═════ Given information ═════

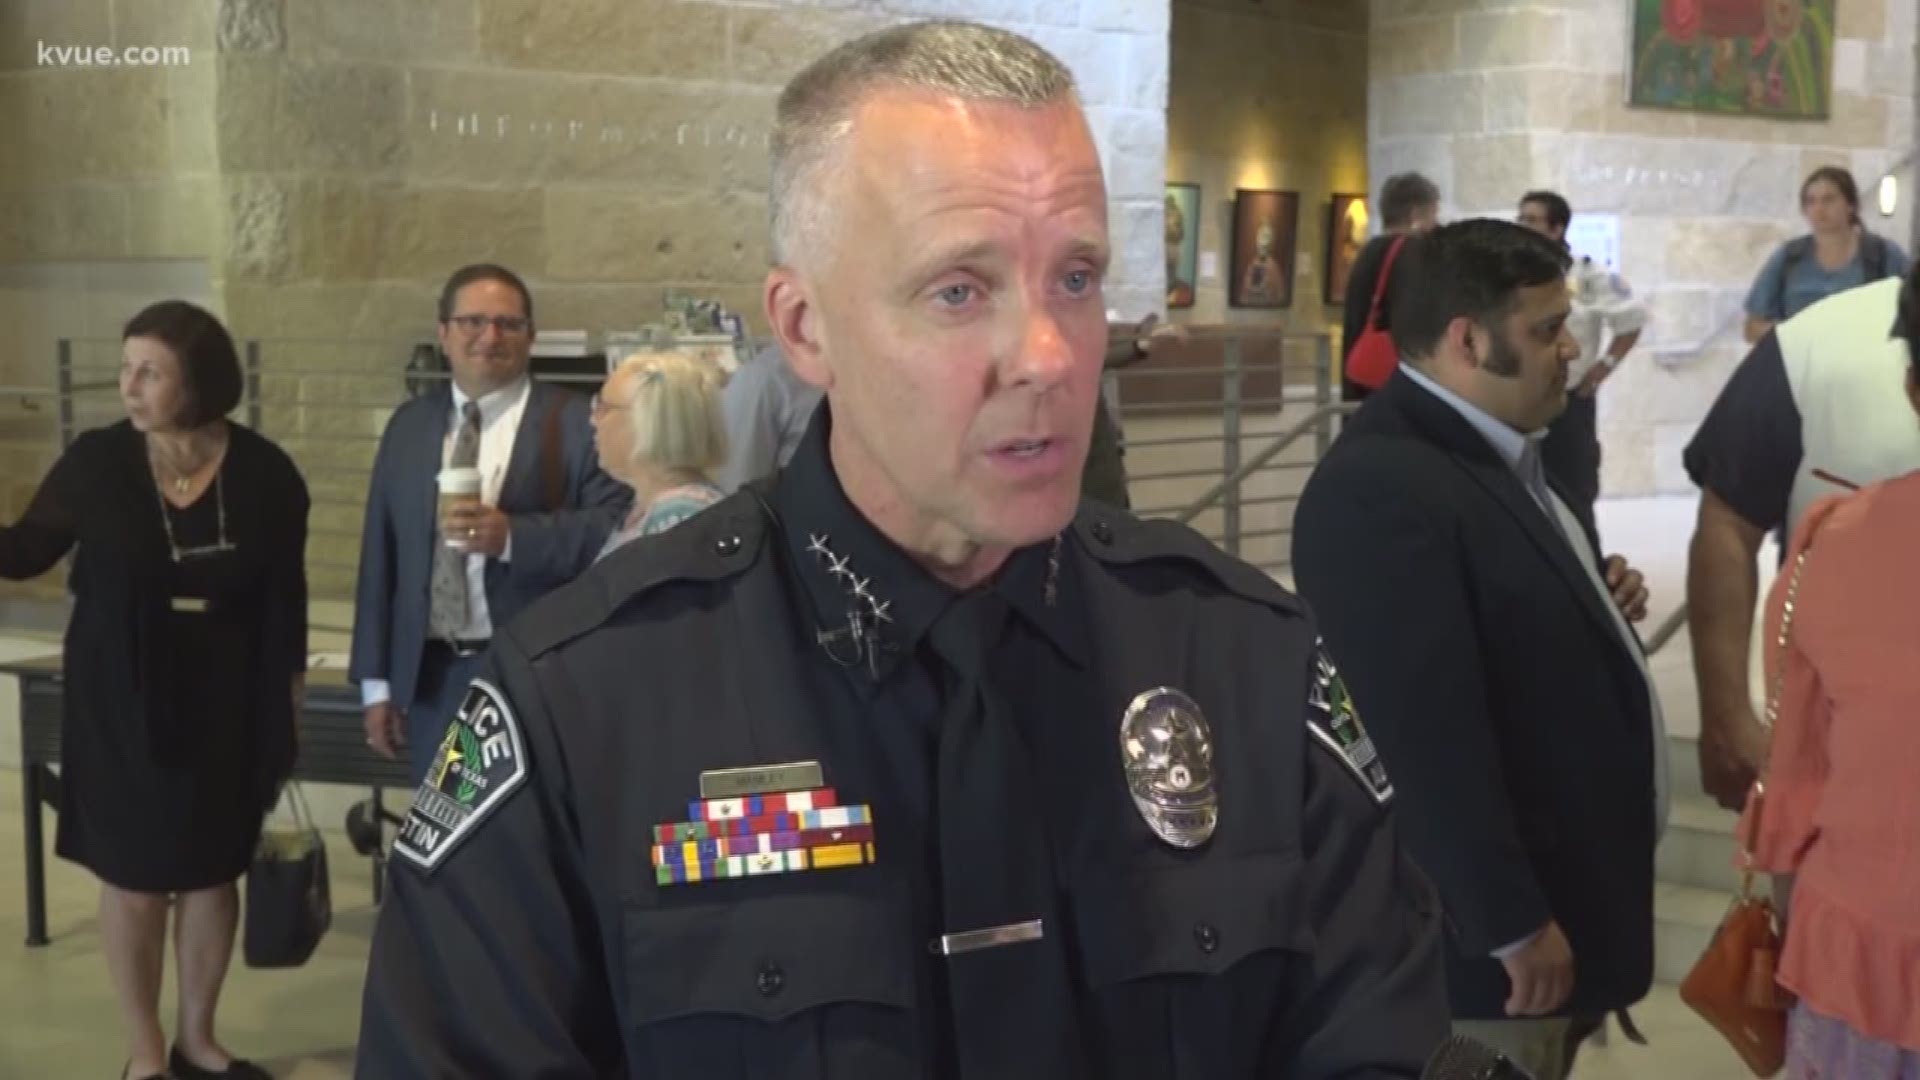 Brian Manley is now officially the permanent police chief of the Austin Police Department.
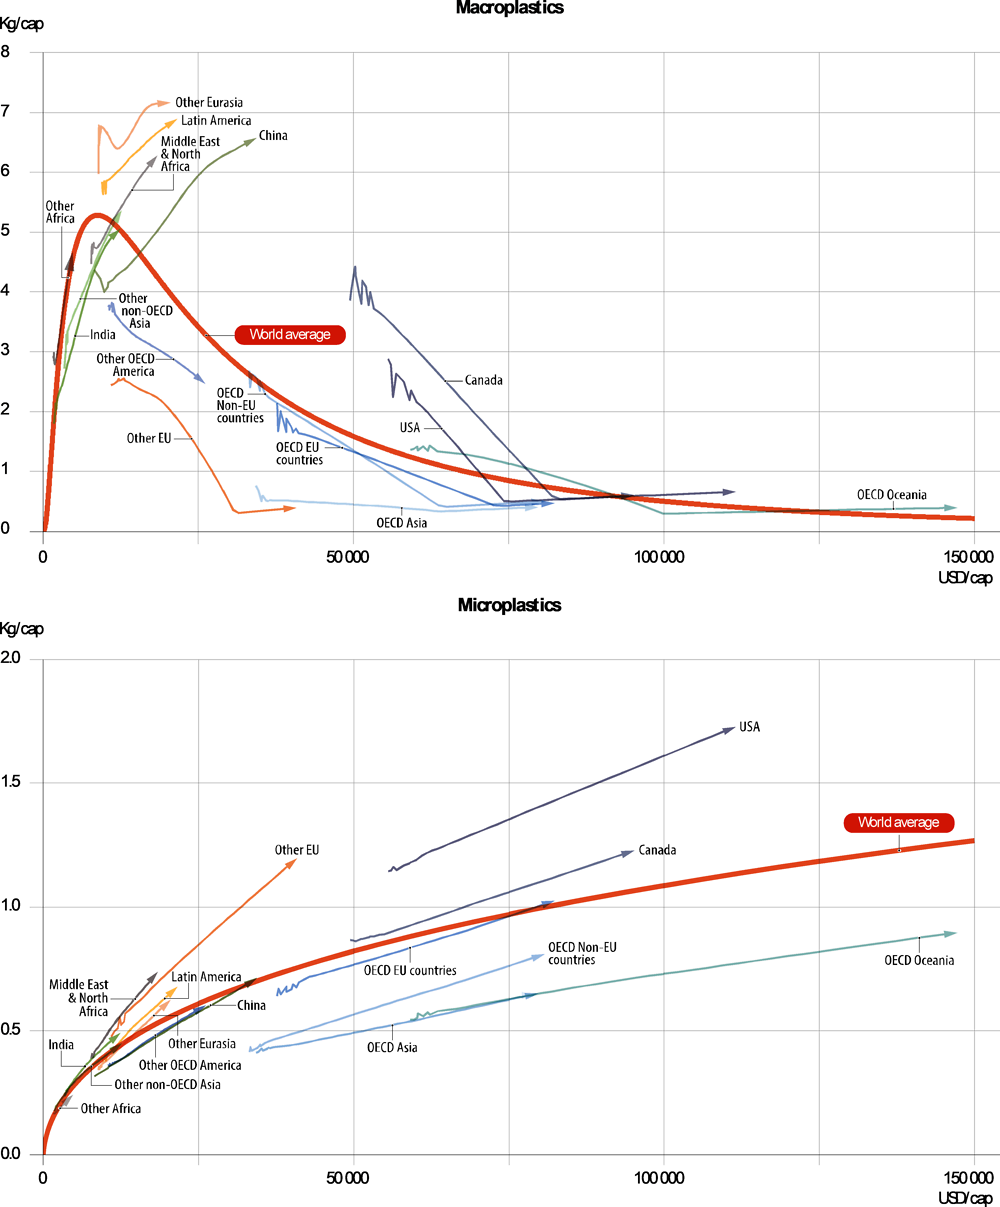 Figure 1.6. Macroplastic and microplastic leakage show different trajectories when income per capita increases
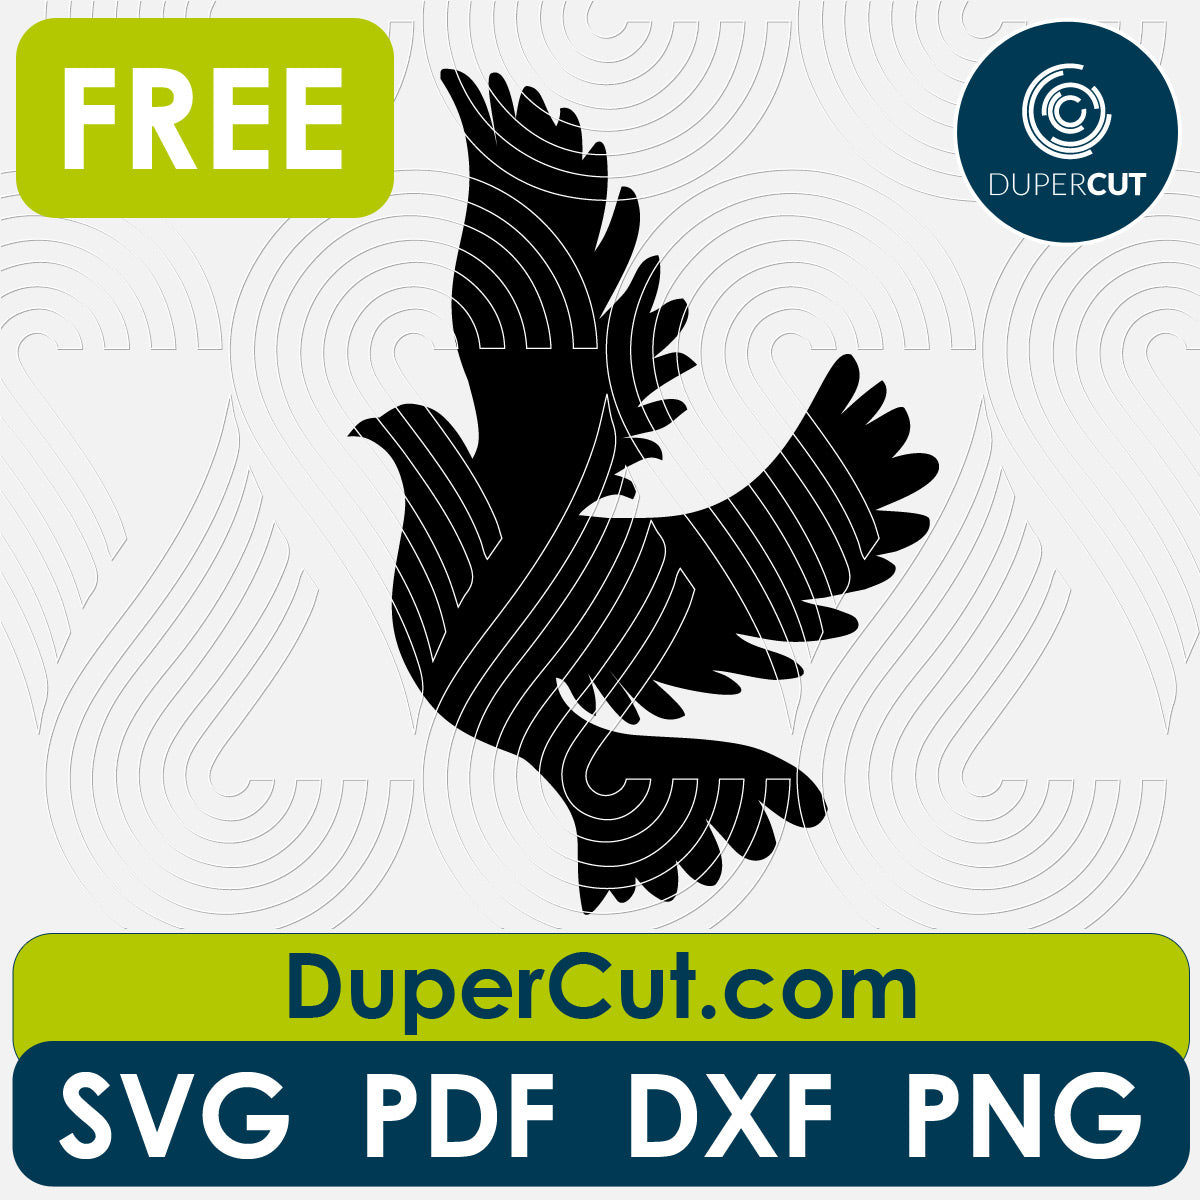 Dove silhouette, FREE cutting template SVG PNG DXF files for Glowforge, Cricut, Silhouette, CNC laser router by DuperCut.com

═════

Assignment → The line containing "Figure 1.6. Macroplastic" and every line after it, up to the last line of the data, should be returned exactly, without the pictures.

Finished task →
 Figure 1.6. Macroplastic and microplastic leakage show different trajectories when income per capita increases
 Dove silhouette, FREE cutting template SVG PNG DXF files for Glowforge, Cricut, Silhouette, CNC laser router by DuperCut.com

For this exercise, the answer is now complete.